Una formación de largo alcance
El proceso de connaturalización afectiva con el bien es ordinariamente lento. Una virtud no está formada mientras el bien no tenga un reflejo positivo en la afectividad, por eso hay que tener paciencia en la lucha diaria. Puede haber de nuestra parte, resistencia a hacer oración porque suele costar trabajo, pero quien persevera, alcanza a tener gusto por ella y a encontrarle sabor; ahora bien, Dios puede permitir arideces para purificarnos, pero hay que perseverar en ese afán.
Si tenemos reacciones de ira que querríamos superar, comenzaremos esforzándonos por reprimir sus manifestaciones externas; quizá al principio nos parecerá que no conseguimos nada, pero si somos constantes, poco a poco iremos venciendo en más ocasiones, y al cabo de un tiempo –quizá largo-, llegaremos a conseguirlo de modo habitual; pero no basta porque nuestra meta no era reprimir unas manifestaciones externas, sino modelar una reacción interna para ser mansos y pacíficos, de modo que esa forma más serena sea la propia de nuestro modo de ser. Es una lucha que apunta a alcanzar una paz interior en la búsqueda y puesta en práctica de la Voluntad de Dios, y no apunta al mero sometimiento violento de los sentimientos.
El Papa Francisco, al explicar su principio de que “el tiempo es superior al espacio “(cfr. Evangelii gaudium, 223-226), señala que “darle prioridad al tiempo es preocuparse de iniciar procesos más que de poseer espacios” (Evangelii gaudium, 223). No hay que obsesionarse por resultados inmediatos. Es una invitación a “asumir la tensión entre plenitud y límite” (Ibidem). Es importante no ignorar que somos limitados, aunque muchos anuncios comerciales invitan a “romper límites”. Ahora bien, la conciencia de nuestra limitación no debe paralizar la plenitud a que Dios nos invita. Hay que apuntar alto en la formación.
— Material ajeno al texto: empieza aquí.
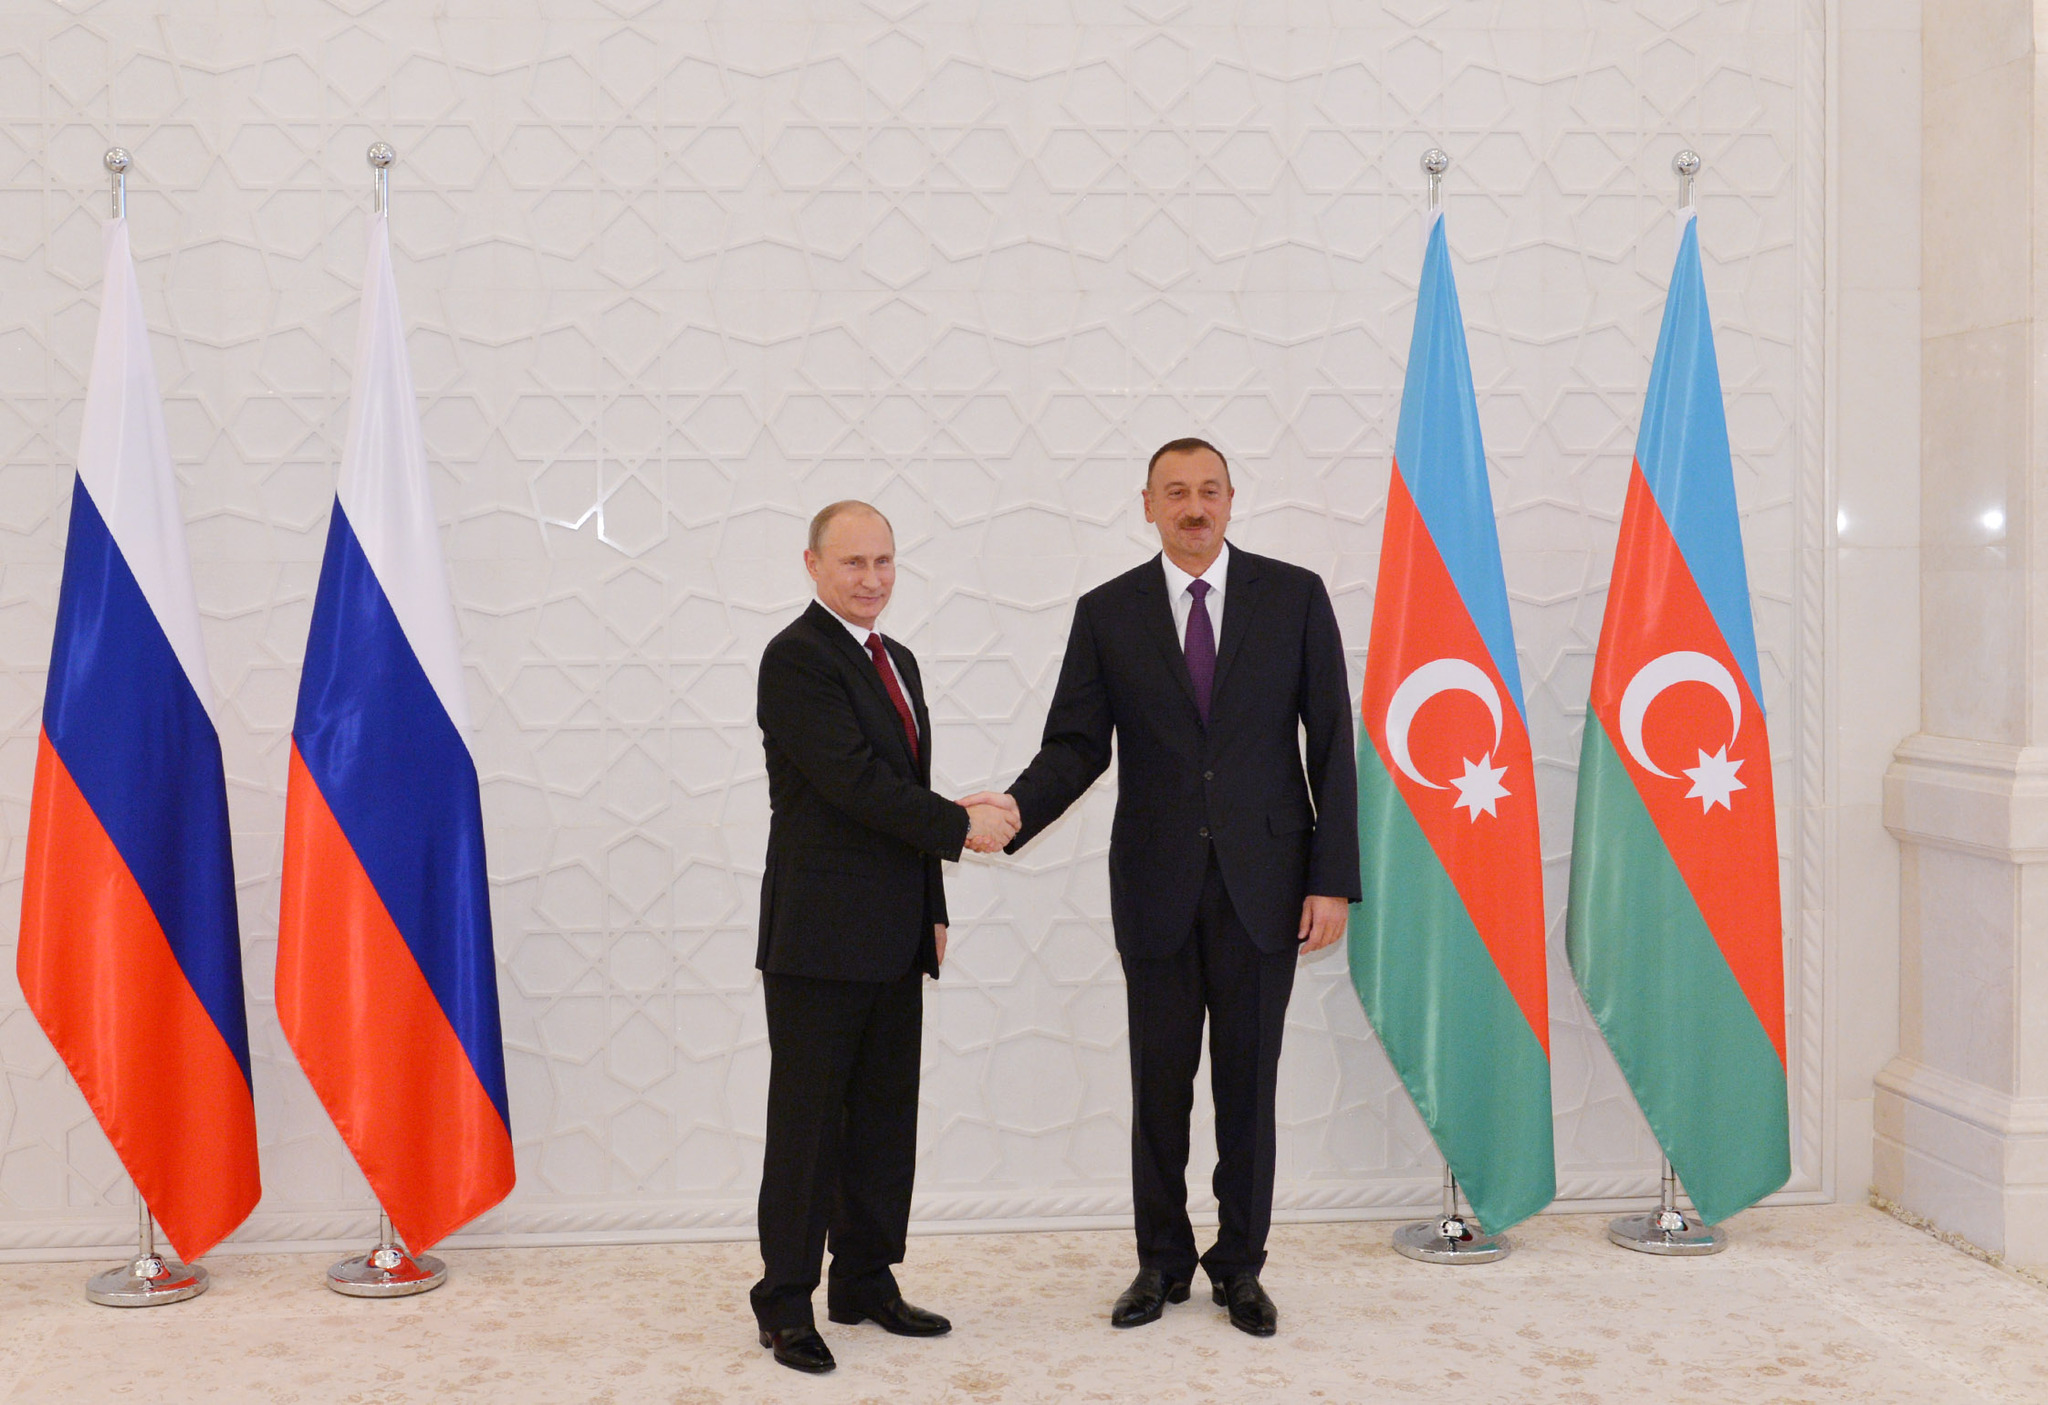 флаг турции флаг азербайджана вместе

No se trata de realizar muchos actos buenos, sino de ser bueno. Se trata de tener un buen corazón. No se trata sólo de oponerse a una afectividad que empuja en dirección contraria. El acto virtuoso sería el de quien goza en la realización de ese bien incluso cuando le supone un esfuerzo. Este es el objetivo.
Un mundo dentro de ti
A medida que la virtud se fortalece, el acto bueno se realiza con naturalidad y gozo. Para distinguir la voluntad de Dios, se necesita una especie de “connaturalidad” entre el hombre y el verdadero bien (cfr. S. Tomás de Aquino, Suma Teológica, II, II, 45, a.2). Tal connaturalidad se fundamenta y se desarrolla en las actitudes virtuosas del hombre mismo (Juan Pablo II, Veritatis splendor, 64). Esto se debe en buena parte a que la afectividad es la primera voz que oímos a la hora de valorar la oportunidad un comportamiento. La virtud consigue que la voz de la afectividad incluya ya una cierta valoración moral (en referencia al bien global de la persona) de ese acto.
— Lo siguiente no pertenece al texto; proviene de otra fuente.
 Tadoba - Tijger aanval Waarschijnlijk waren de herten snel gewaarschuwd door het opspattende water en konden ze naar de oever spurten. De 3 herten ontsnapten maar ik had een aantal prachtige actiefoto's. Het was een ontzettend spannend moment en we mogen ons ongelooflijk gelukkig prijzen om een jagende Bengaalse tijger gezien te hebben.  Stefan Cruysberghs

Si se tiene una interioridad rica, es fácil rechazar esa atracción, porque rompe la armonía y la belleza del clima interior.
La persona que vive desprendida valora los bienes materiales en su justa medida: ni piensa que son malos, ni les concede una importancia que no tienen. Como Jesús dijo a Nicodemo: “el que obra según la verdad viene a la luz” (Juan 3,21). Una afectividad ordenada ayuda a la razón a leer la creación, a reconocer la verdad, a identificar lo que verdaderamente nos conviene. Sólo hay verdadera formación cuando las diversas facultades humanas están integradas, no peleadas.